**Activity**
Give the data back exactly. Leave out any images.

**Supplied information**
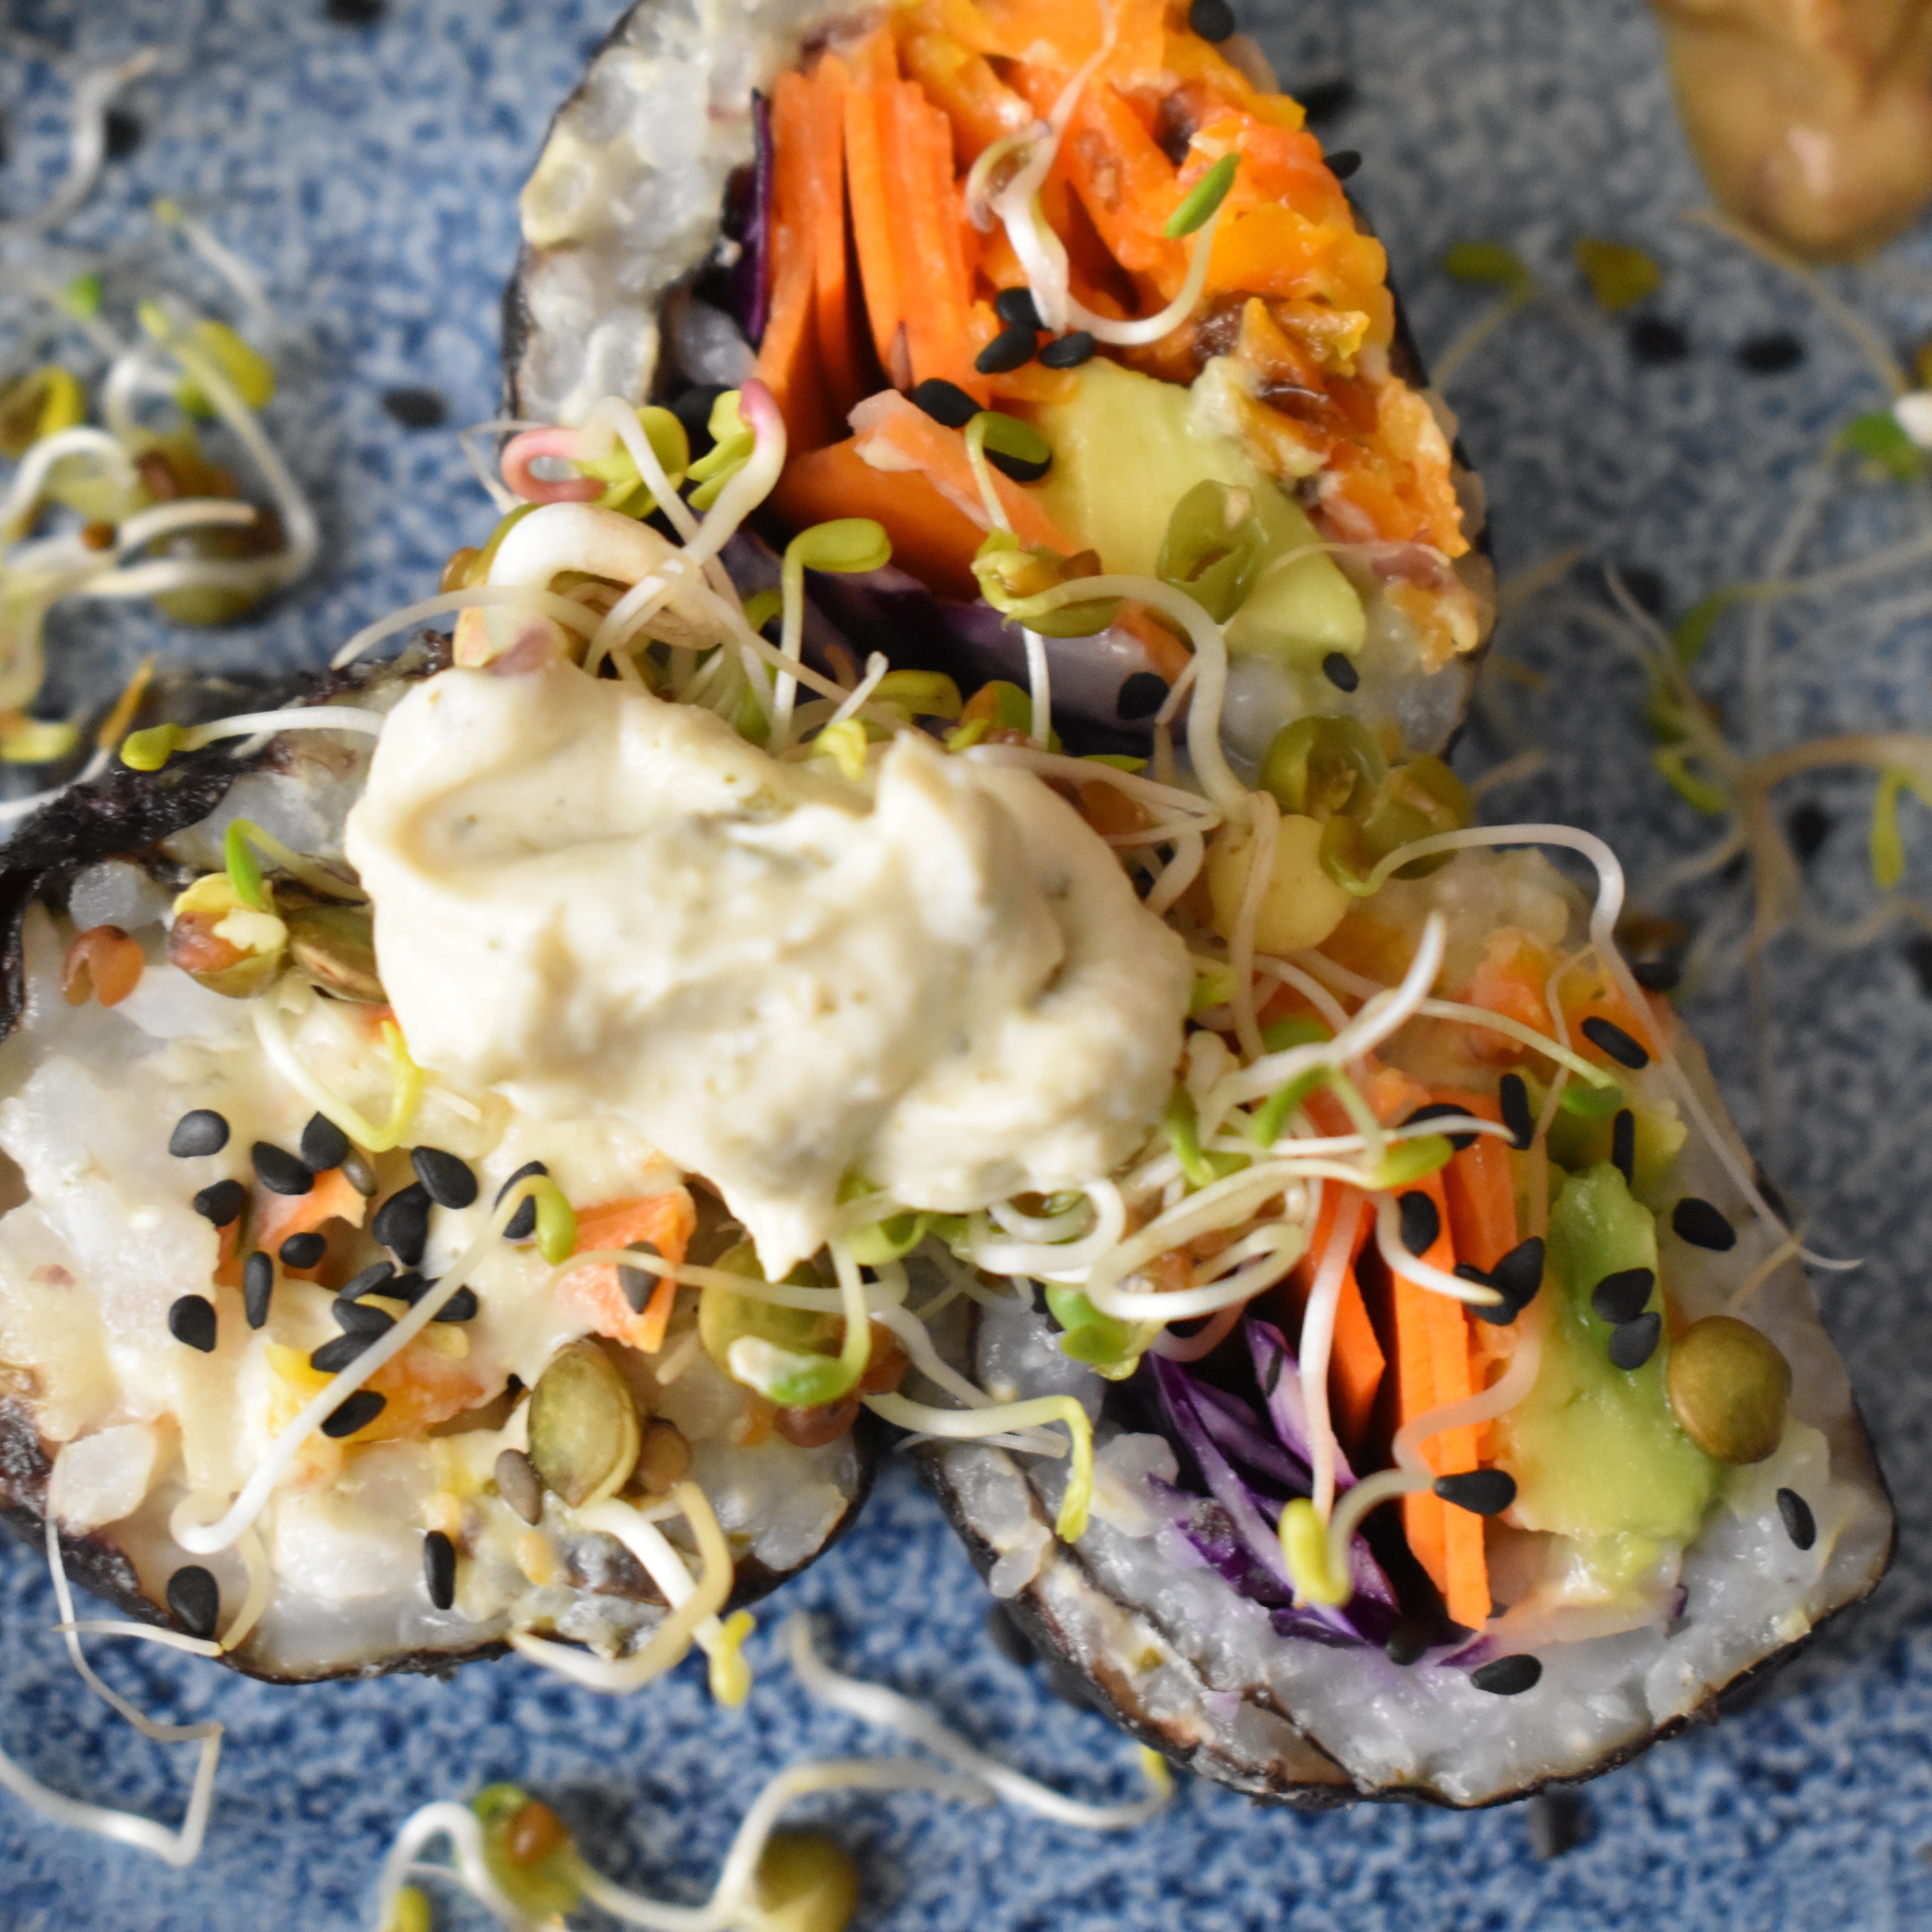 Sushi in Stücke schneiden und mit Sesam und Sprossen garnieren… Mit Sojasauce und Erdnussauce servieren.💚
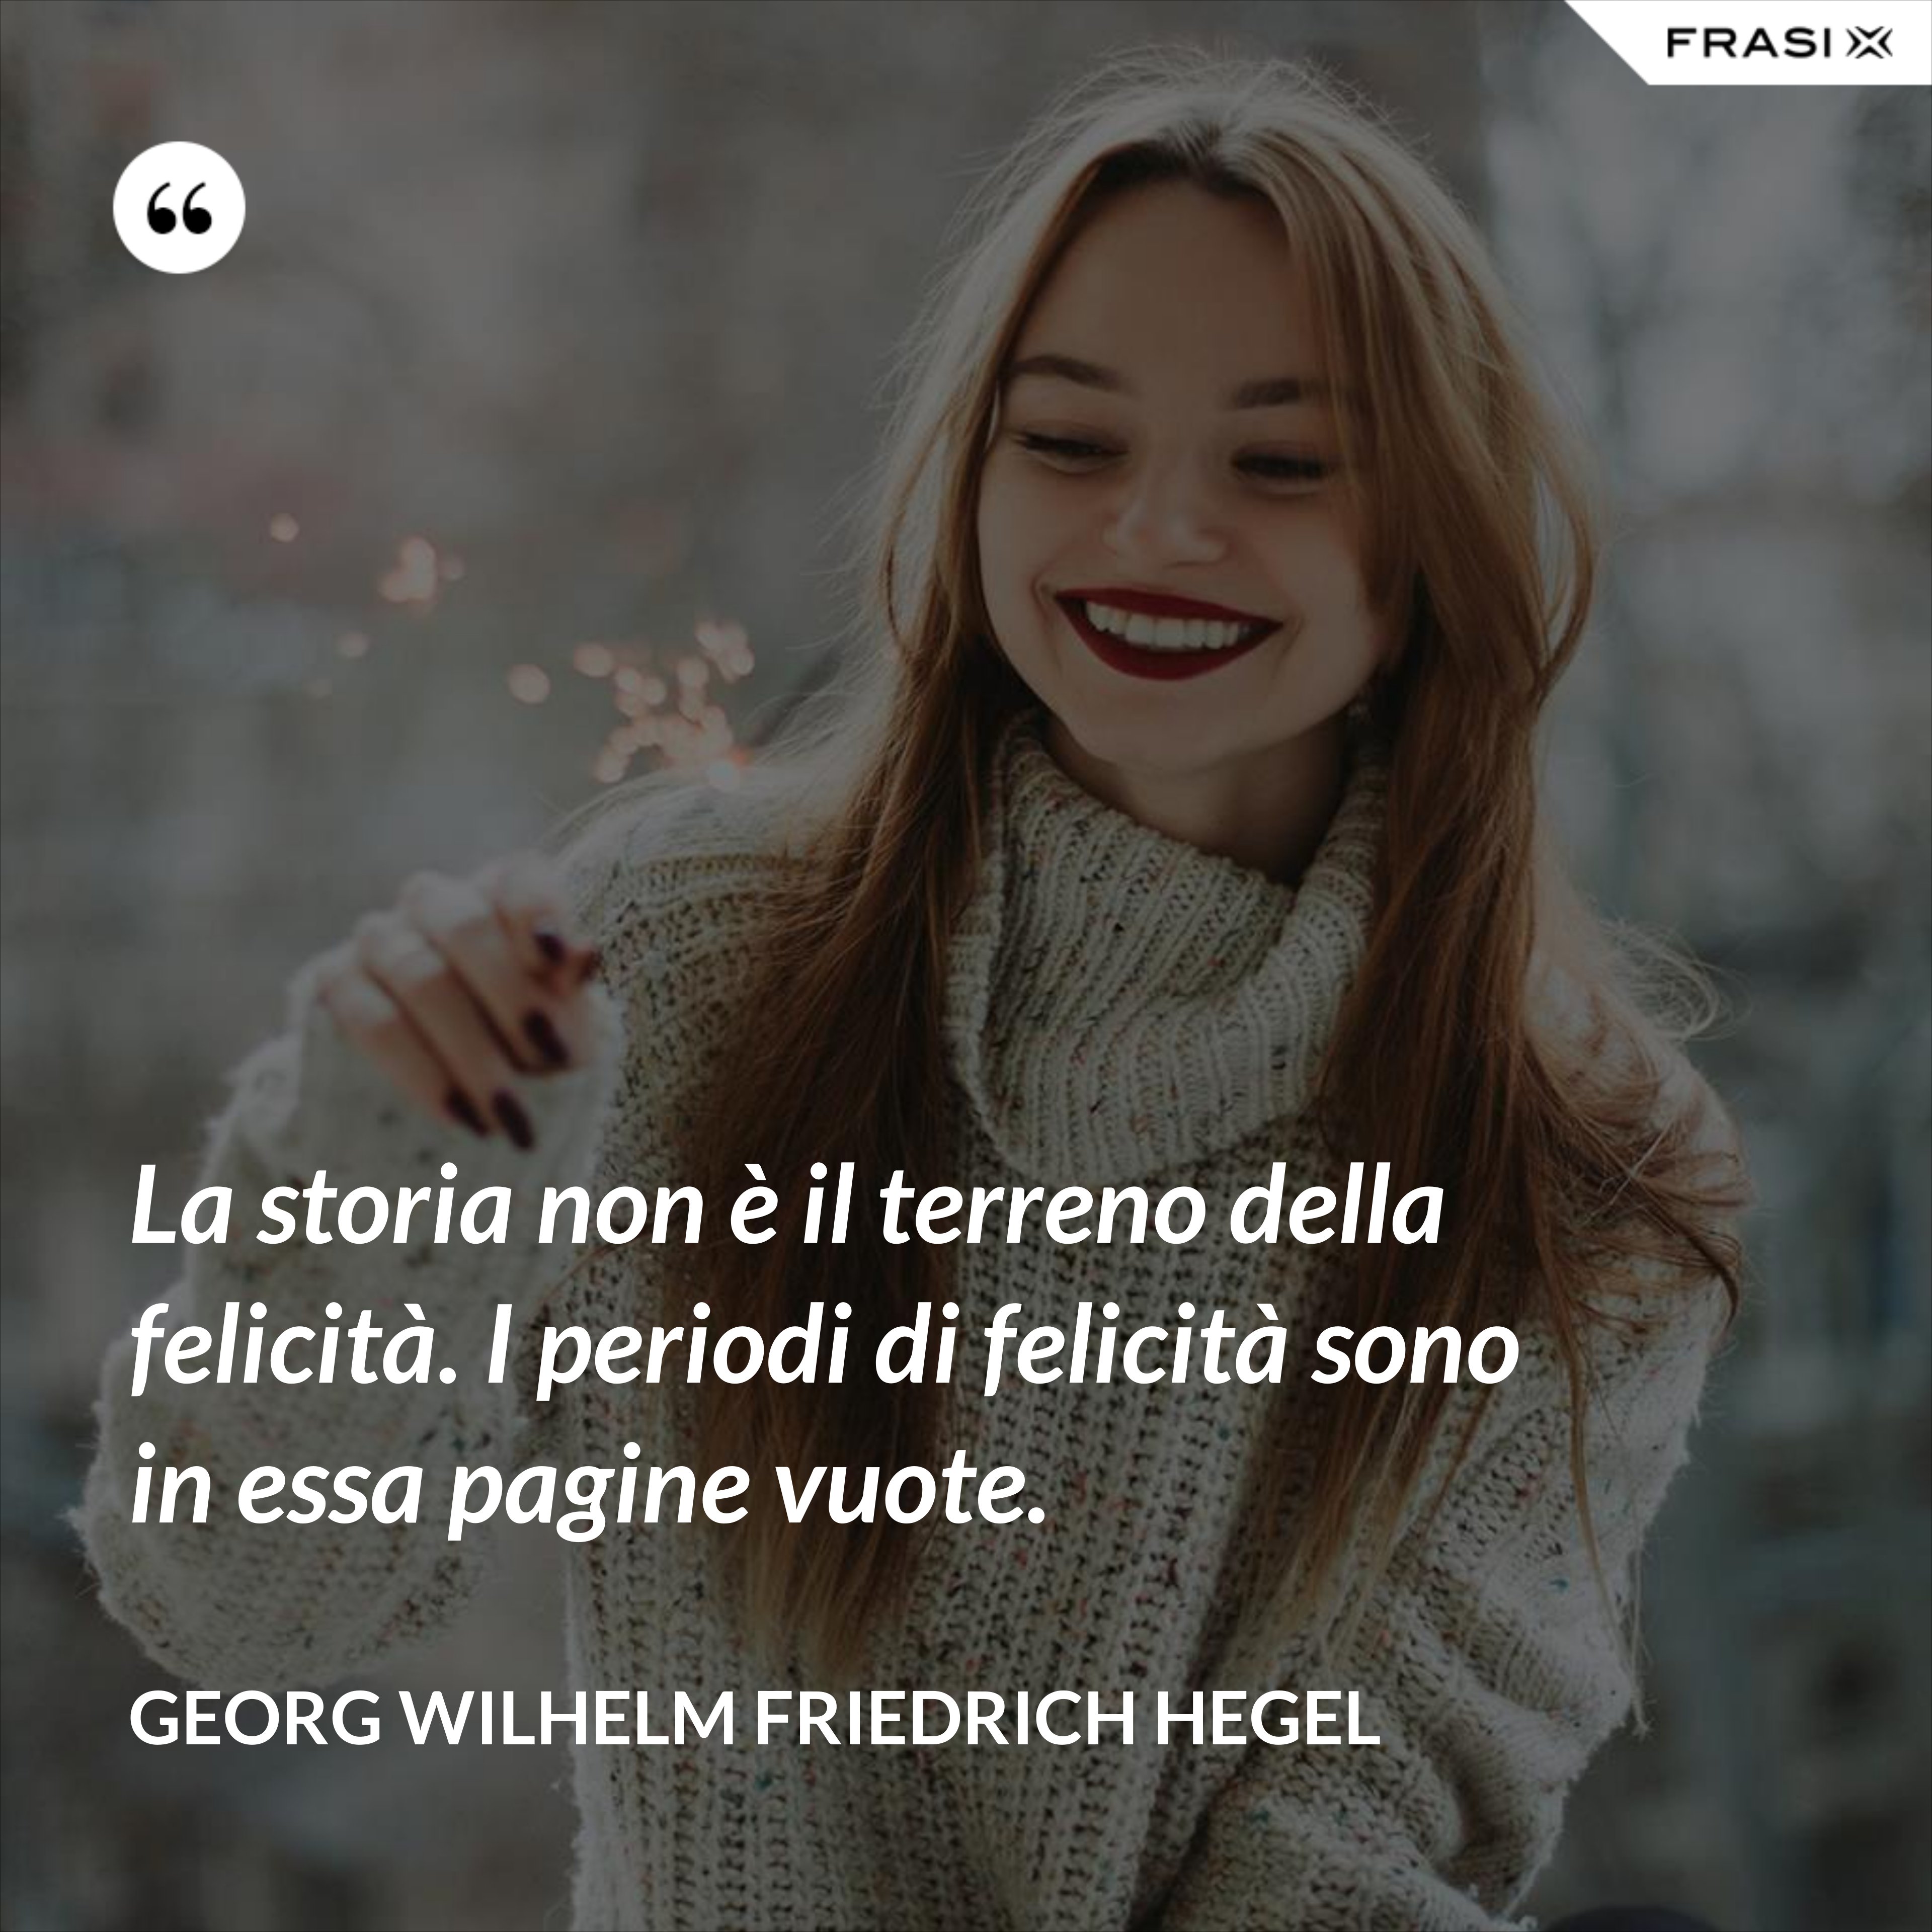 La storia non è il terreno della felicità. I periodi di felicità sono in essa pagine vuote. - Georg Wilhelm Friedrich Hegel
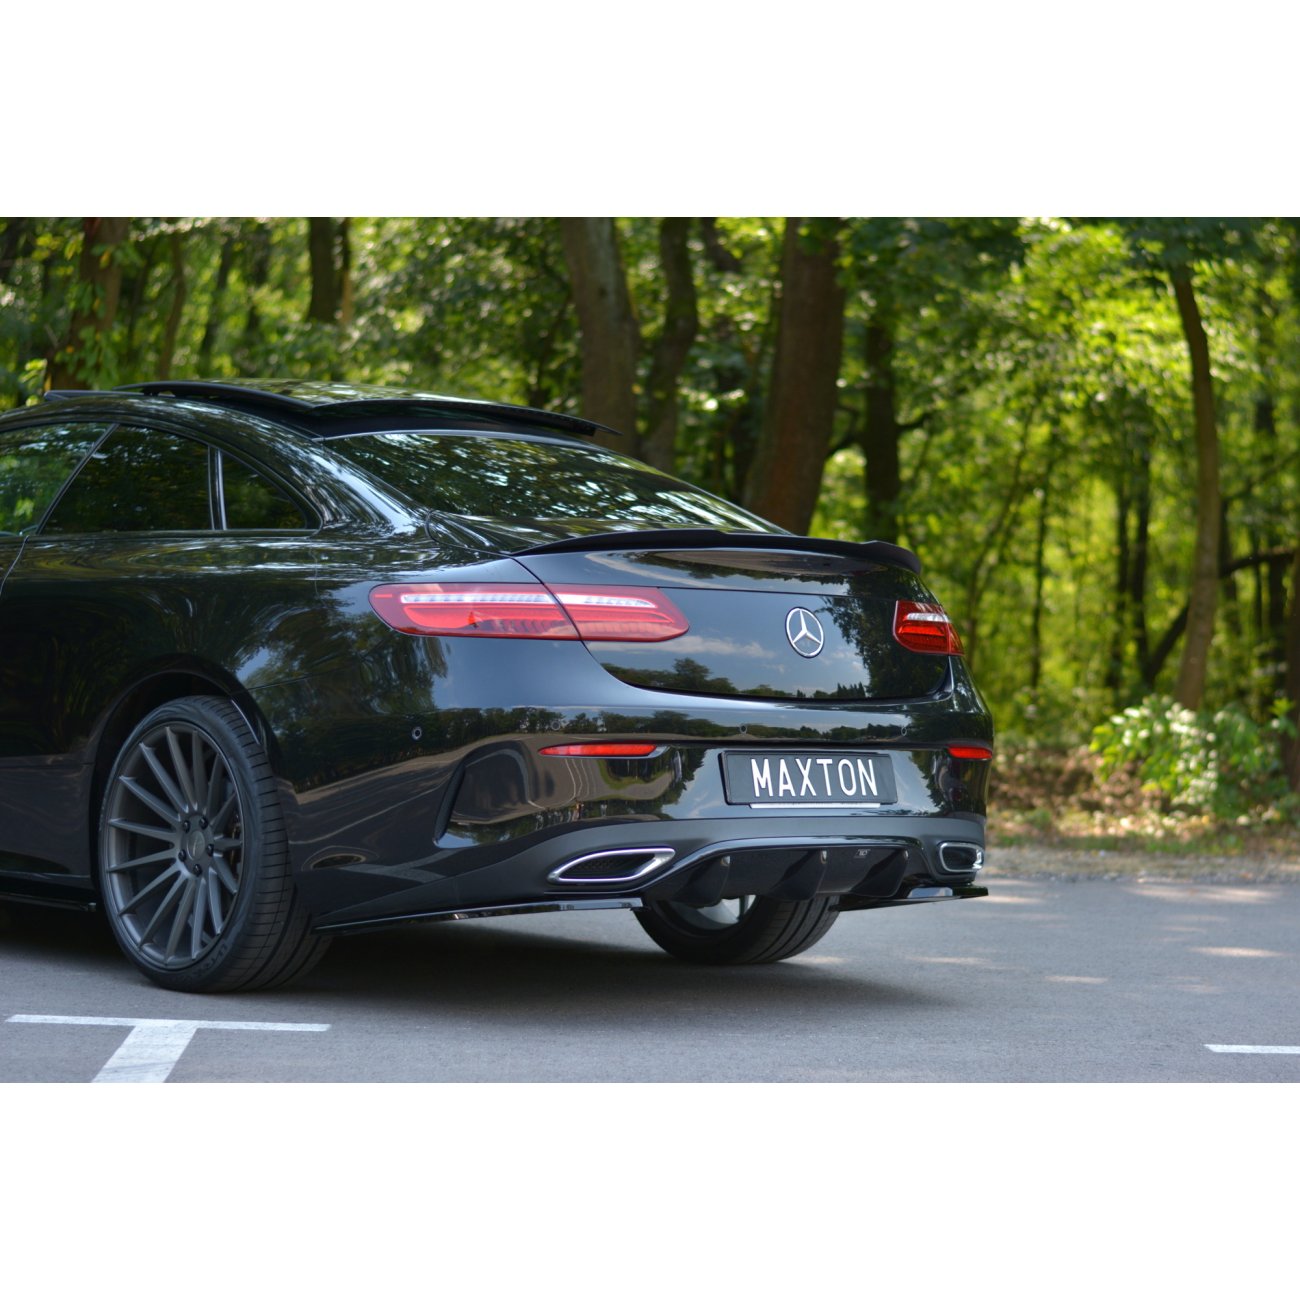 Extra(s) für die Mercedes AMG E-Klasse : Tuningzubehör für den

**Answer box**
 Sushi in Stücke schneiden und mit Sesam und Sprossen garnieren… Mit Sojasauce und Erdnussauce servieren.💚
 La storia non è il terreno della felicità. I periodi di felicità sono in essa pagine vuote. - Georg Wilhelm Friedrich Hegel
 Extra(s) für die Mercedes AMG E-Klasse : Tuningzubehör für den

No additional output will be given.